If you think about that connection and then think of a post-jazz, post-modern, very post-everything, almost chamber, highly experimental but structured formation, with a lot of influence of American guitar folk like James Taylor or Crosby, Stills and Nash — if you add Terry Riley, or an American minimalist piano composer like John Cage or Julius Eastman — if you start entering that realm while thinking of modal music, then you land somewhere here where I am.
I also really enjoy and have an ear toward what's happening harmonically with pop structures. And then, here we are.

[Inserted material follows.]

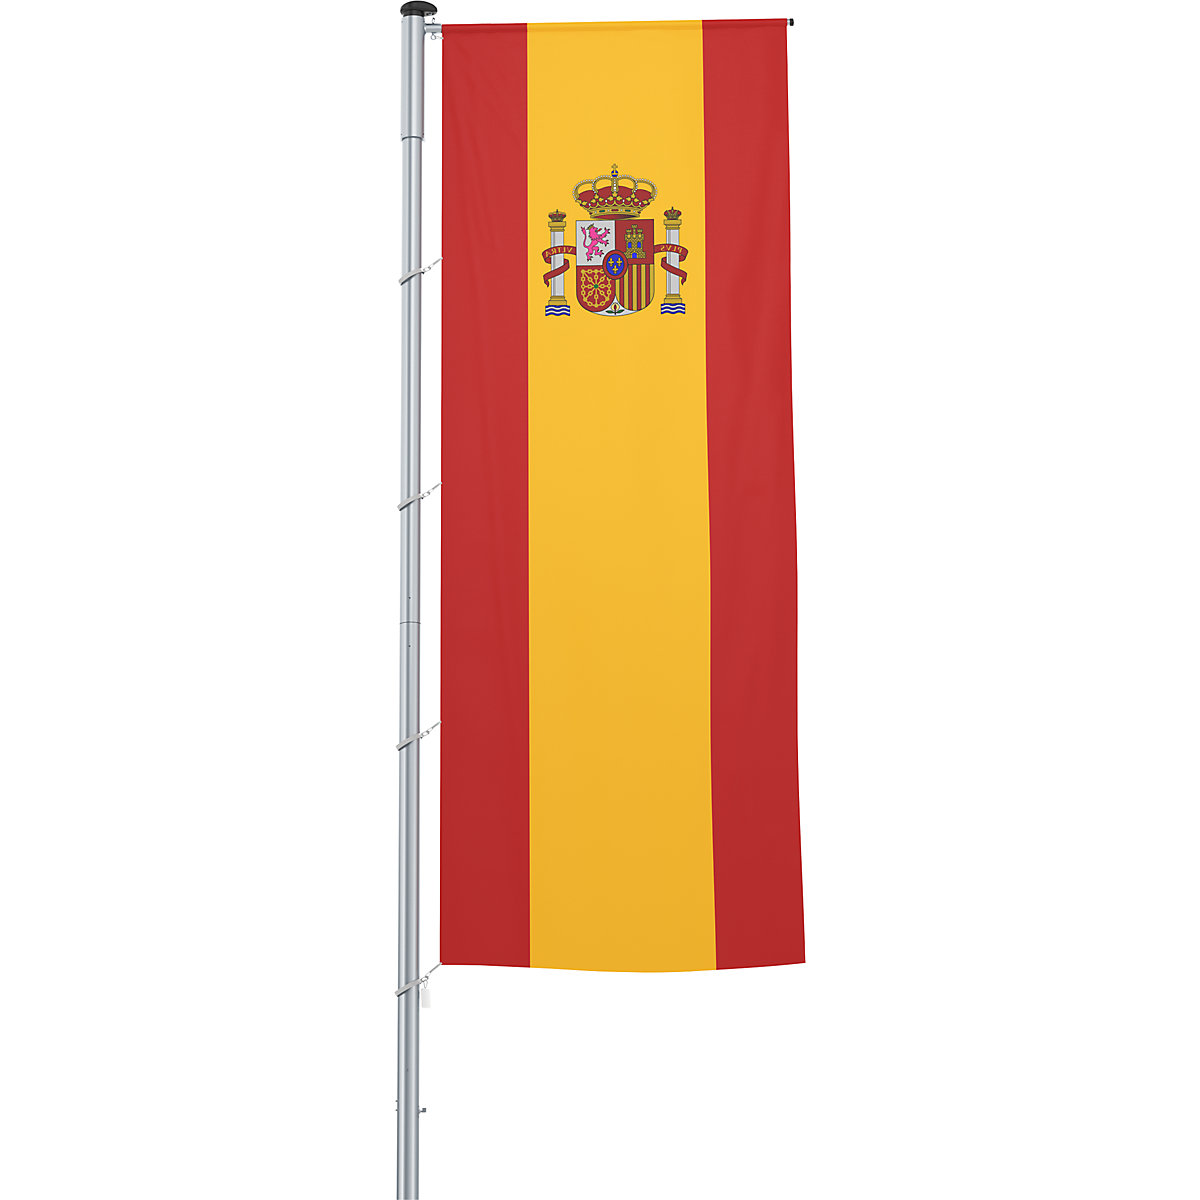 Vlajka na pozdĺžne upevnenie na stožiar/národná vlajka - Mannus

How did your background as a jazz student inform how your music comes out?
I didn't really study anything else, so my core is all jazz.
Really! How did you connect those poles?
I was like, "I have to go to Berklee. I'm going." And when you go to Berklee, you come out a jazz musician. That's just what happens!
How are you feeling with the GRAMMYs coming up? Is it a little surreal?
It's all crazy. Is this what you guys do? Let everybody know a month and a half in advance, and then it's a madhouse? All the stylists, everyone's just crazy around this week that's about to happen so soon!
It's really surreal. I'm over the moon but also mortified. [Laughs.] It's very scary, but also very exciting. I'll cross my fingers and feel very grateful, keep doing what I'm doing and see what happens.